_WORK ORDER_
Print the first line of the records below and every line after it, up to and including the line with "Set sofa sudut". Print nothing else.

Segment Open

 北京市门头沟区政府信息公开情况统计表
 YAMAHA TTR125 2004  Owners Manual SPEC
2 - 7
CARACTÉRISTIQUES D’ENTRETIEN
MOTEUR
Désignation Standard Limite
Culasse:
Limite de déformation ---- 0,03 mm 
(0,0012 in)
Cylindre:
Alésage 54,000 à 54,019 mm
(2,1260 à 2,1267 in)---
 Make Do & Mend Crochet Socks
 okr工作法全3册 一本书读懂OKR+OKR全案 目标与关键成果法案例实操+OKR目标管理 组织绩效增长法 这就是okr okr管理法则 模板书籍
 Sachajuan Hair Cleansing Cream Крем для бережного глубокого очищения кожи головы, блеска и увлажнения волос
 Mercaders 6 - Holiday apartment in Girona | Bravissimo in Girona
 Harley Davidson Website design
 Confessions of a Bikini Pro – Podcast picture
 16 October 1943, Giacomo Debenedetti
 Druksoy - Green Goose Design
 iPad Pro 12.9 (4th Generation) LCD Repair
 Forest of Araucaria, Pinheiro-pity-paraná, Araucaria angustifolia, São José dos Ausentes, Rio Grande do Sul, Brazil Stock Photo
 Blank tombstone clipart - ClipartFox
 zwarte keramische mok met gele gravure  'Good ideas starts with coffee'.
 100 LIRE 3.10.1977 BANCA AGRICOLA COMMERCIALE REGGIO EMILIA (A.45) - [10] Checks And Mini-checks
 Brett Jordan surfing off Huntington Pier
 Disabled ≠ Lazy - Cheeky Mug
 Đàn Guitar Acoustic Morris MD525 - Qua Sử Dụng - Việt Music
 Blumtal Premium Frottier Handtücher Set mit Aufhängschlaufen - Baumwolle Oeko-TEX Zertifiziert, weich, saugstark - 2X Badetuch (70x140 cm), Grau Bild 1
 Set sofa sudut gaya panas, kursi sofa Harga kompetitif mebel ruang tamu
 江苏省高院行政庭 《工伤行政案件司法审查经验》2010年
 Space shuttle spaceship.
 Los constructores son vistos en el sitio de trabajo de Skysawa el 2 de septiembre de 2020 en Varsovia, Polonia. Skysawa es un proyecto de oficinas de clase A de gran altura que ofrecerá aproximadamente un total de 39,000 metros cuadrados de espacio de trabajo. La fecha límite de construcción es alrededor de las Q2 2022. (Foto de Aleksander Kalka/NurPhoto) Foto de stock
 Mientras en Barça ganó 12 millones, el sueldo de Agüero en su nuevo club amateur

Segment Closed

_EXERCISE RESULT_
 北京市门头沟区政府信息公开情况统计表
 YAMAHA TTR125 2004  Owners Manual SPEC
2 - 7
CARACTÉRISTIQUES D’ENTRETIEN
MOTEUR
Désignation Standard Limite
Culasse:
Limite de déformation ---- 0,03 mm 
(0,0012 in)
Cylindre:
Alésage 54,000 à 54,019 mm
(2,1260 à 2,1267 in)---
 Make Do & Mend Crochet Socks
 okr工作法全3册 一本书读懂OKR+OKR全案 目标与关键成果法案例实操+OKR目标管理 组织绩效增长法 这就是okr okr管理法则 模板书籍
 Sachajuan Hair Cleansing Cream Крем для бережного глубокого очищения кожи головы, блеска и увлажнения волос
 Mercaders 6 - Holiday apartment in Girona | Bravissimo in Girona
 Harley Davidson Website design
 Confessions of a Bikini Pro – Podcast picture
 16 October 1943, Giacomo Debenedetti
 Druksoy - Green Goose Design
 iPad Pro 12.9 (4th Generation) LCD Repair
 Forest of Araucaria, Pinheiro-pity-paraná, Araucaria angustifolia, São José dos Ausentes, Rio Grande do Sul, Brazil Stock Photo
 Blank tombstone clipart - ClipartFox
 zwarte keramische mok met gele gravure  'Good ideas starts with coffee'.
 100 LIRE 3.10.1977 BANCA AGRICOLA COMMERCIALE REGGIO EMILIA (A.45) - [10] Checks And Mini-checks
 Brett Jordan surfing off Huntington Pier
 Disabled ≠ Lazy - Cheeky Mug
 Đàn Guitar Acoustic Morris MD525 - Qua Sử Dụng - Việt Music
 Blumtal Premium Frottier Handtücher Set mit Aufhängschlaufen - Baumwolle Oeko-TEX Zertifiziert, weich, saugstark - 2X Badetuch (70x140 cm), Grau Bild 1
 Set sofa sudut gaya panas, kursi sofa Harga kompetitif mebel ruang tamu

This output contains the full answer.